Honda is counting on the ad campaign to help it wage a comeback in the U.S. market, where its share fell to 9 percent in 2011 from 10.6 percent the year before due to natural disasters in Asia as well as critical reviews for its Civic compact. The carmaker is looking to replenished dealer supplies and revamped models such as the CR-V and mid-size Accord to fuel a 27 percent U.S. sales increase in 2012.
“What we wanted to do with these Super Bowl spots is announce Honda and Acura are open for business,” Mike Accavitti, Honda’s vice president of U.S. marketing, said in an interview.
Market share gains by Hyundai Motor Co., Volkswagen AG and Ford Motor Co., which have improved their compact and mid-size cars mean Honda can’t coast on its reputation, said Brad Adgate, head of research at New York-based Horizon Media Inc.
“When you think of Honda, you still think of well-built cars, but brands like Hyundai seem to have promoted themselves much more heavily,” Adgate said. “It’s not that Honda has to reinvent the brand image, but they need to take a page from Hyundai and some others and ramp it up a little.”
Recent marketing efforts by Honda have been “unimaginative and forgettable,” said Jim Hall, principal of 2953 Analytics Inc., an auto consultant in Birmingham, Michigan.
U.S. sales success for Honda’s Accord and Civic models stretching back to the 1980s meant the Tokyo-based company didn’t have to work hard to promote its products, Hall said. “They got by selling on word of mouth.”
Improvement in the quality, designs and technology of competitors’ vehicles have eliminated Honda’s advantages, Hall said.
“The company has been getting by on its lingering high brand value,” Hall said. “That’s inertia.”
Accavitti, who joined Honda last year after working previously for Chrysler Group LLC, won’t be able to change Honda’s circumstances in the U.S. with advertising unless top management in Japan recognizes how much better competitors have become, Hall said.
Honda’s American depositary receipts fell 0.2 percent to $35.60 at the close in New York. They’ve gained 17 percent this year.
Honda’s sales plunged 6.8 percent last year while total U.S. vehicle deliveries grew 10 percent. Natural disasters in Japan and Thailand brought production delays at the company’s plants, leaving Honda short of vehicles to sell.
Honda, reliant on the U.S. for the biggest portion of its global sales, reported a 2.5 percent decline in North American revenue for the quarter that ended Dec. 31, and 21 percent drop in regional sales in the first three quarters of its fiscal year than ends March 31.
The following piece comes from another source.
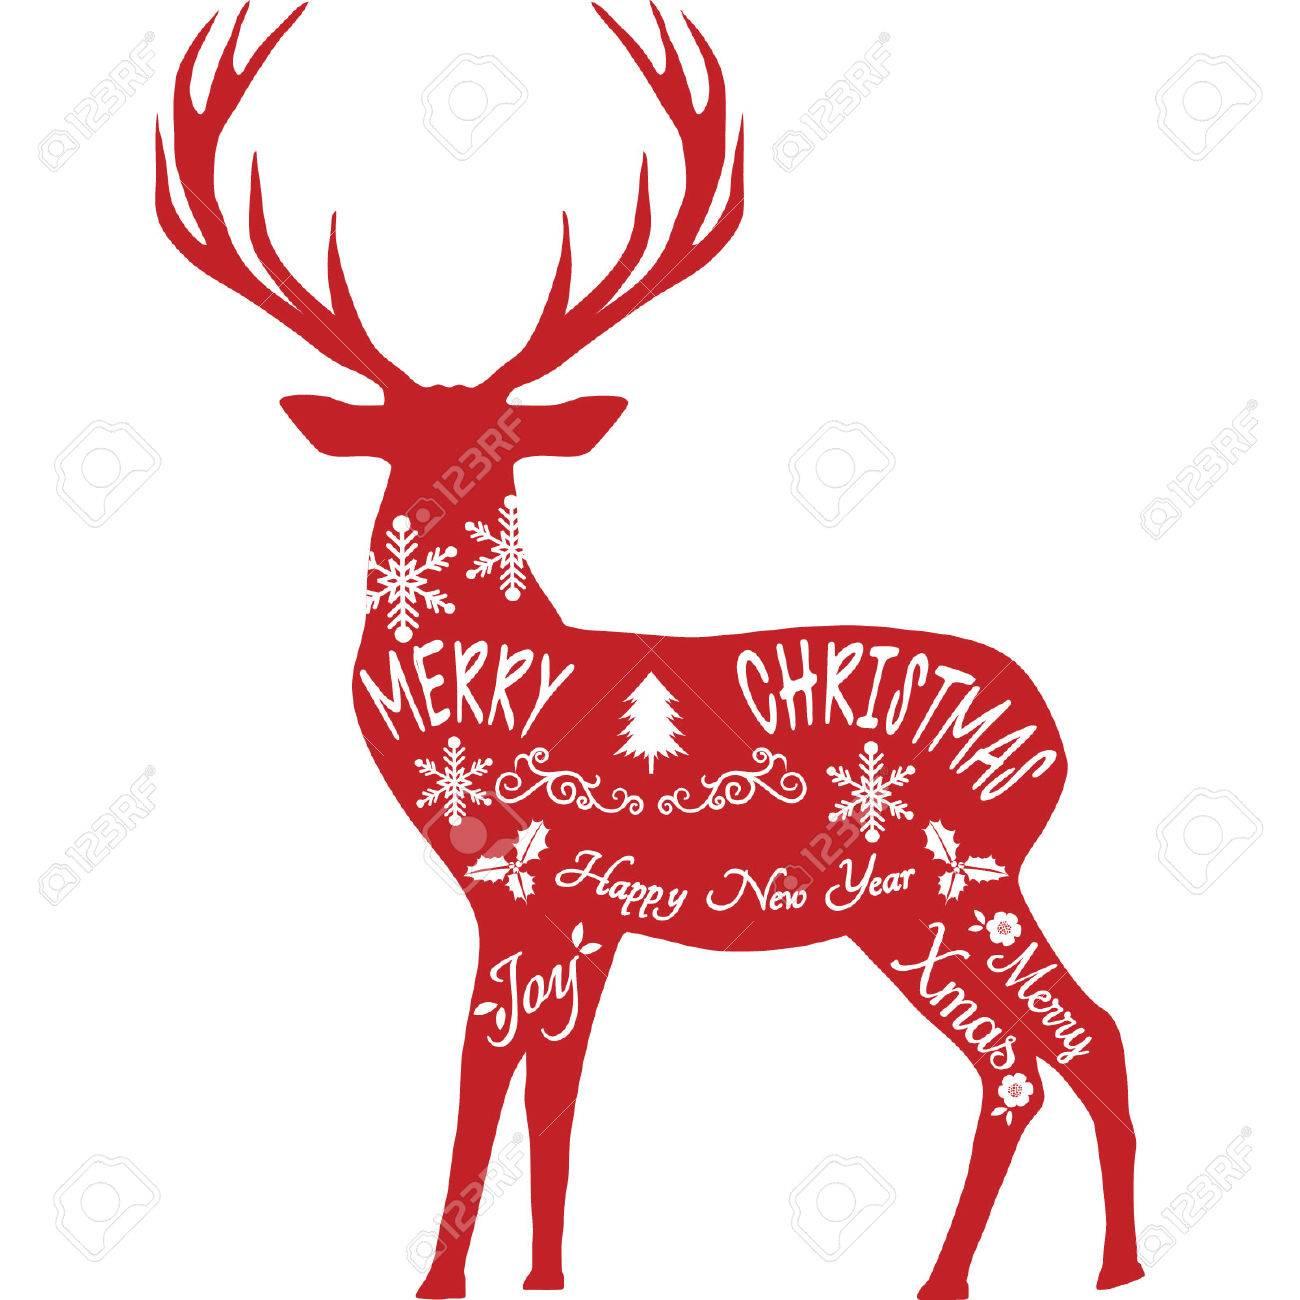 Christmas Reindeer Silhouette.Merry Christmas Reindeer Reindeer Silhouette Red Reindeer Isolated

Honda President Takanobu Ito told reporters at the Detroit auto show last month that 2011 had been the company’s worst in the U.S.
“It was like we were jinxed,” Ito said.
A redesigned version of the Civic compact also drew an unfavorable review last August by Consumer Reports, a magazine that historically favored most Honda and Acura vehicles. The review contrasted Civic with Hyundai’s Elantra, which is among the small cars the publication currently prefers.
The Honda brand, after its travails, remains among the highest rated by consumers, according to Strategic Vision Inc., a market-research company in San Diego.
In 2011, 37 percent of consumers considering buying a vehicle would “definitely consider” a Honda, according to Strategic Vision, which annually surveys about 300,000 adults.
Only Toyota Motor Corp.’s Toyota brand ranks ahead of Honda, with 41 percent of people surveyed by Strategic Vision saying they would “definitely consider” a Toyota model.
The company reported an 8.8 percent sales gain in January, its first such increase after eight consecutive monthly declines. A 50 percent sales surge for Civic led the improvement.
Among automakers, Honda ranked fifth in ad expenditures last year. Honda spent $642.2 million for U.S. advertising from January through November 2011, the latest period for which data are available, according to Kantar Media.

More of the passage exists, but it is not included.